Let's tackle each part of this question step-by-step:
### (i) How many parts do you shade in one sheet of paper?
To find out how many parts you shade in one sheet of paper:
- First, note that each sheet is divided into 2 equal parts.
- You shade 3 parts, but since one sheet only has 2 parts, you have effectively shaded 3/2 parts of one sheet.
Thus, you shade 1.5 parts in one sheet of paper.
### (ii) How many parts do you shade in another sheet of paper?
The division of parts in the second sheet of paper is identical to the first sheet:
- Since you again need to shade 3 parts and each sheet is divided into 2 parts, you shade 3/2 parts of the second sheet.
Thus, you also shade 1.5 parts in the other sheet of paper.
### (iii) What fraction of the two sheets of paper do you shade?
Next, let's find the fraction of the two sheets of paper that you shade:
- You have shaded a total of 3 parts in each sheet, making it 3 + 3 = 6 parts in total.
- Each sheet consists of 2 parts, so for two sheets, the total number of integral parts is 2 sheets x 2 parts/sheet = 4 parts.
Thus, the total fraction shaded is:
[tex]\[
\frac{6}{4} = 1.5
\][/tex]
You shade [tex]\( \frac{6}{4} \)[/tex] or 1.5 of the two sheets of paper.
### (iv) Is the fraction proper or improper? Give reason.
To determine whether the fraction is proper or improper:
- A proper fraction has a numerator smaller than the denominator.
- Here, the numerator (6) is larger than the denominator (4).

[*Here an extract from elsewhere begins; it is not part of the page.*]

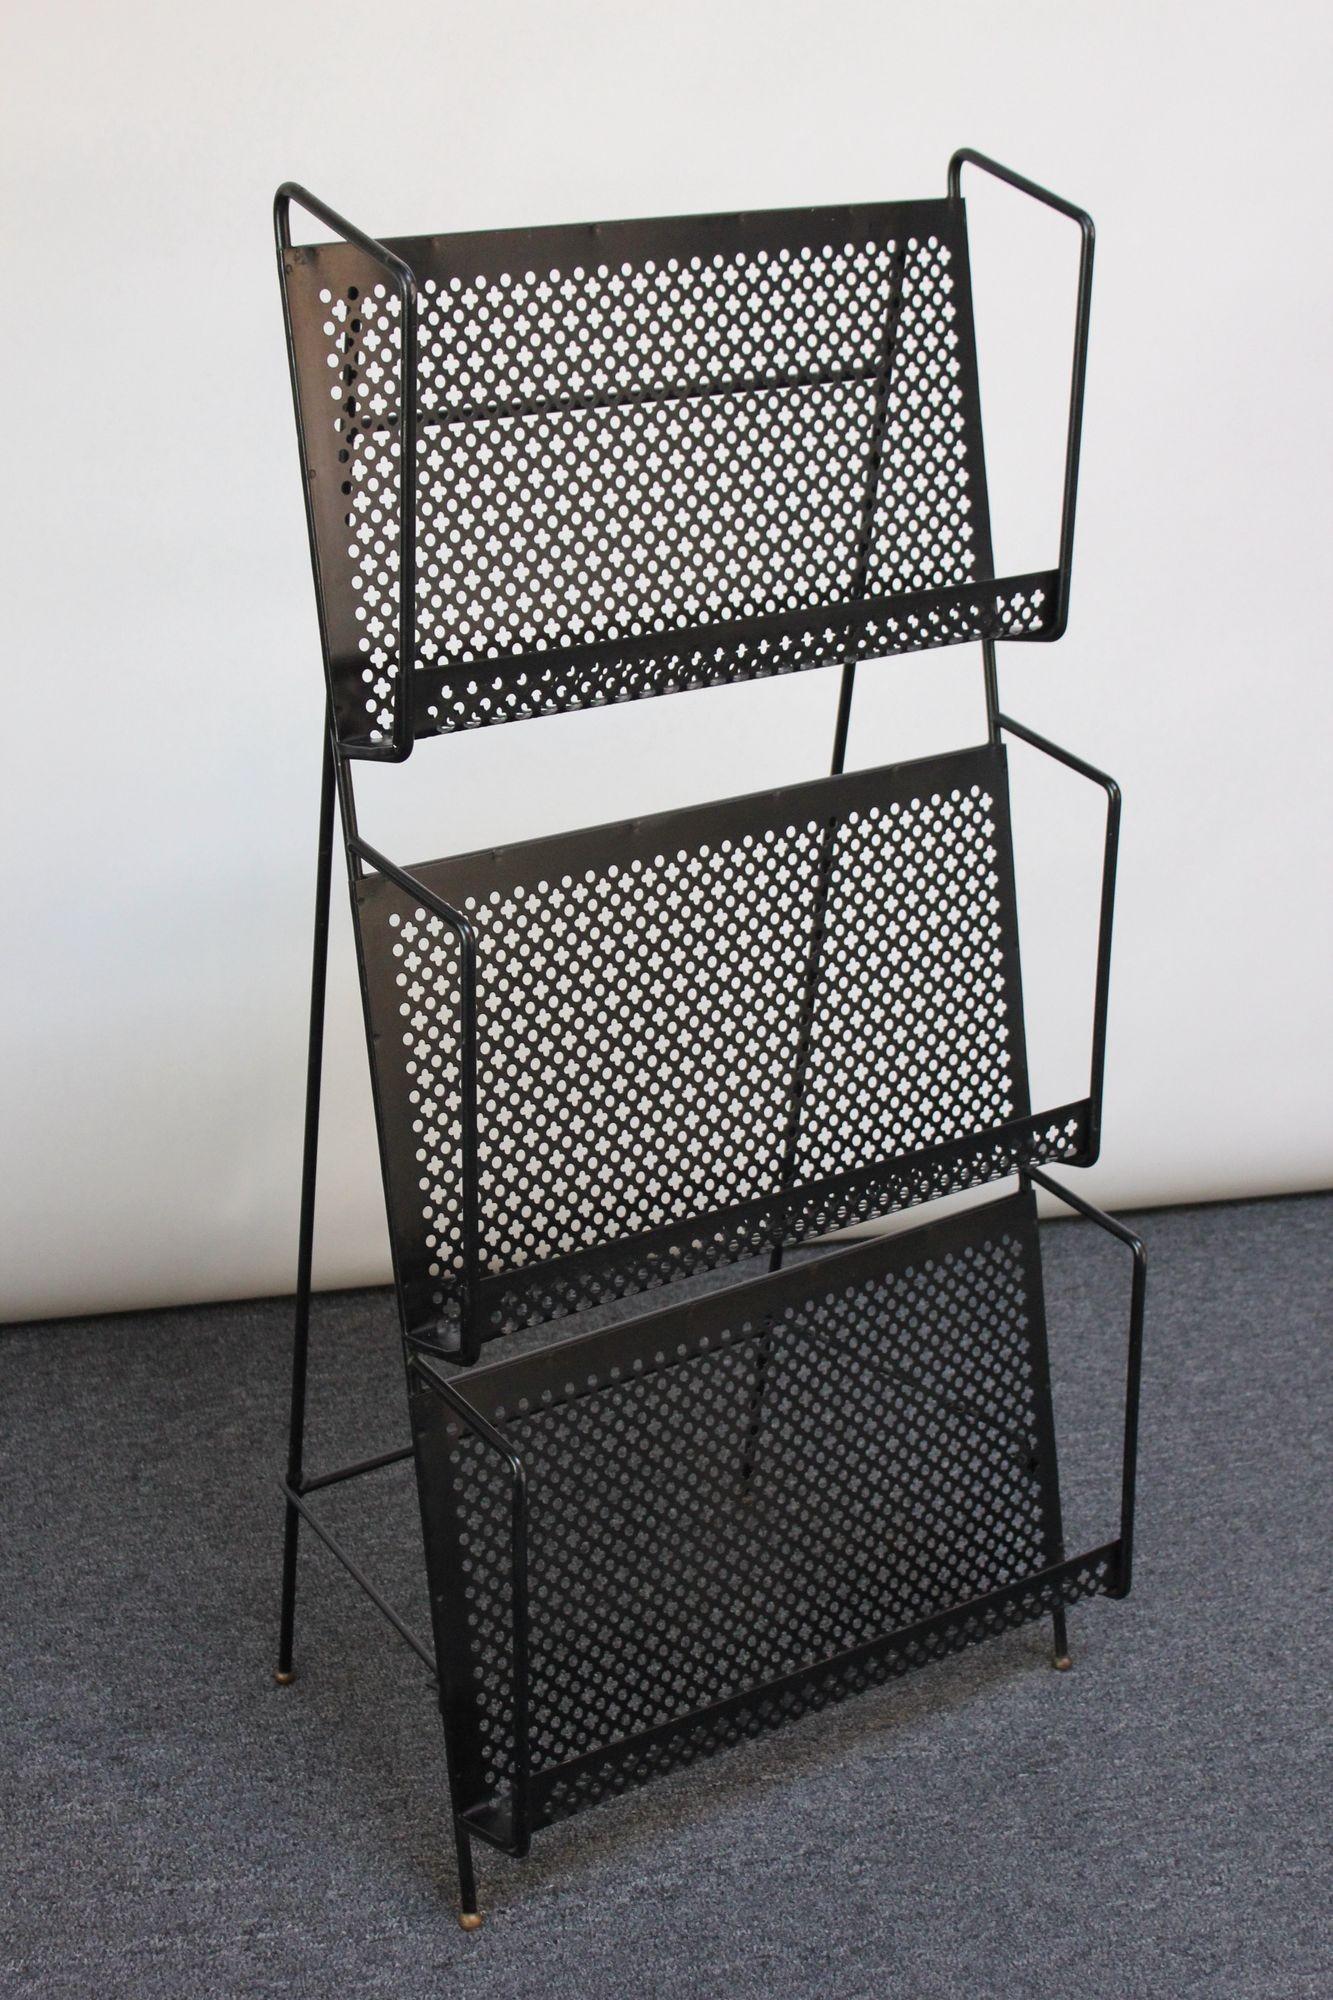 Large, free-standing three-tier magazine rack in black enameled metal with perforated cross and circle motif, all supported by gold, orb feet (ca. 1950s, USA). Each tier is 2.75

Therefore, the fraction [tex]\( \frac{6}{4} \)[/tex] is an improper fraction because the numerator is greater than the denominator.
The fraction is improper because 6 is greater than 4.

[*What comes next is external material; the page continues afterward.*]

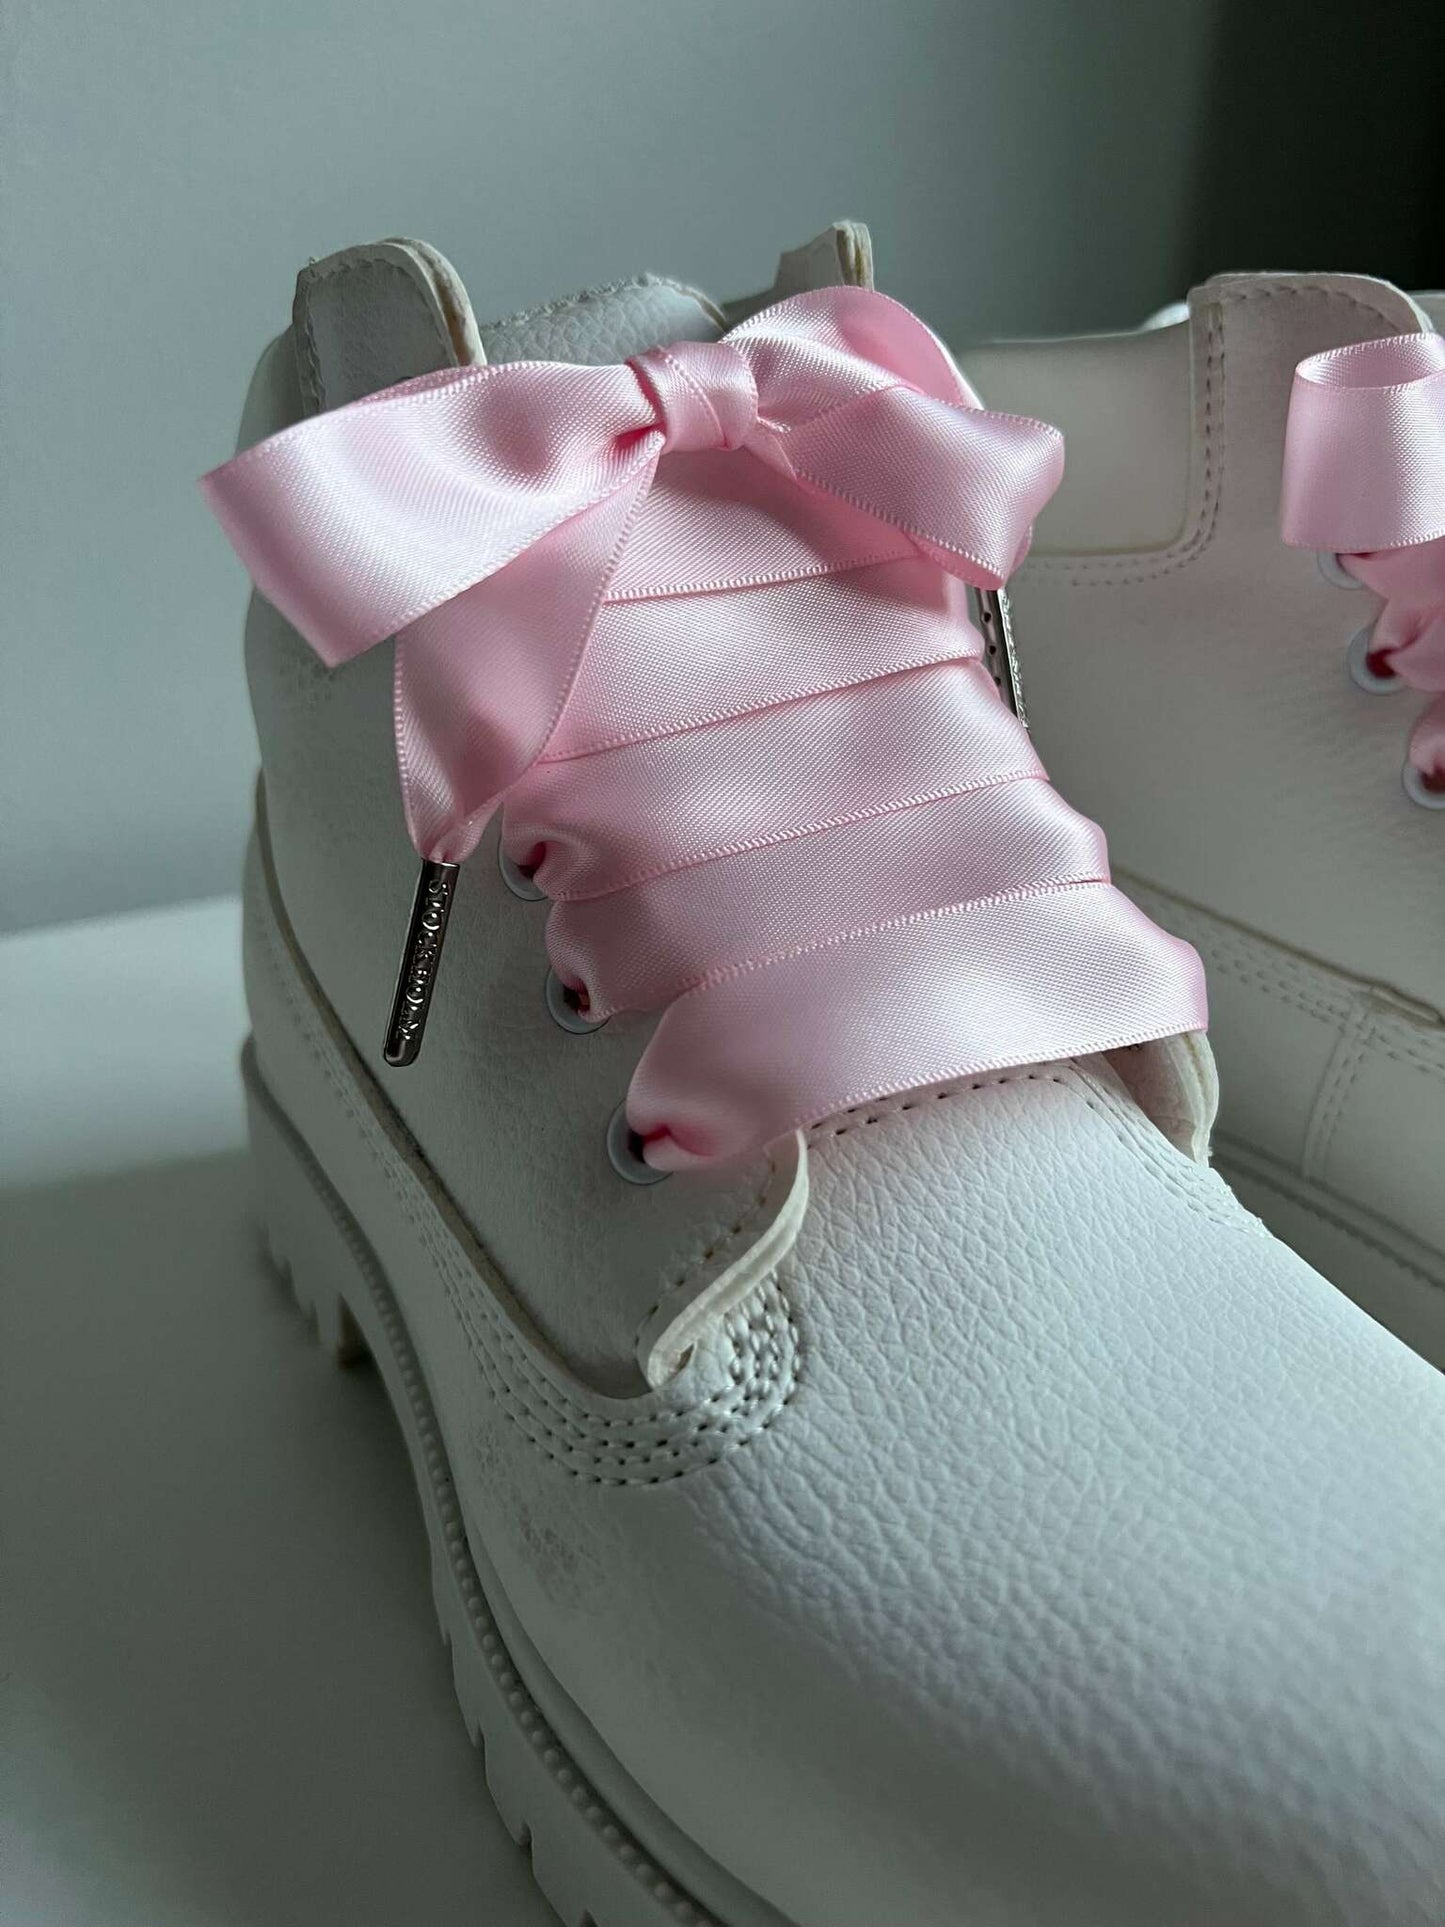 Soft Pink Silk Shoelaces - The Shoelace Brand

### (v) Convert this fraction into a mixed number.
To convert the improper fraction [tex]\( \frac{6}{4} \)[/tex] into a mixed number:
- Divide the numerator by the denominator:
[tex]\[
6 \div 4 = 1 \text{ (whole number part)}
\][/tex]
- Find the remainder:
[tex]\[
6 \mod 4 = 2 \text{ (remainder)}
\][/tex]
- The mixed number will combine the whole number part with the fractional part:
[tex]\[
1 \frac{2}{4}
\][/tex]
- The fractional part can be simplified:
[tex]\[
\frac{2}{4} = \frac{1}{2}
\][/tex]
Thus, the mixed number is:
[tex]\[
1 \frac{1}{2}
\][/tex]
The improper fraction [tex]\( \frac{6}{4} \)[/tex] converts to the mixed number [tex]\( 1 \frac{1}{2} \)[/tex].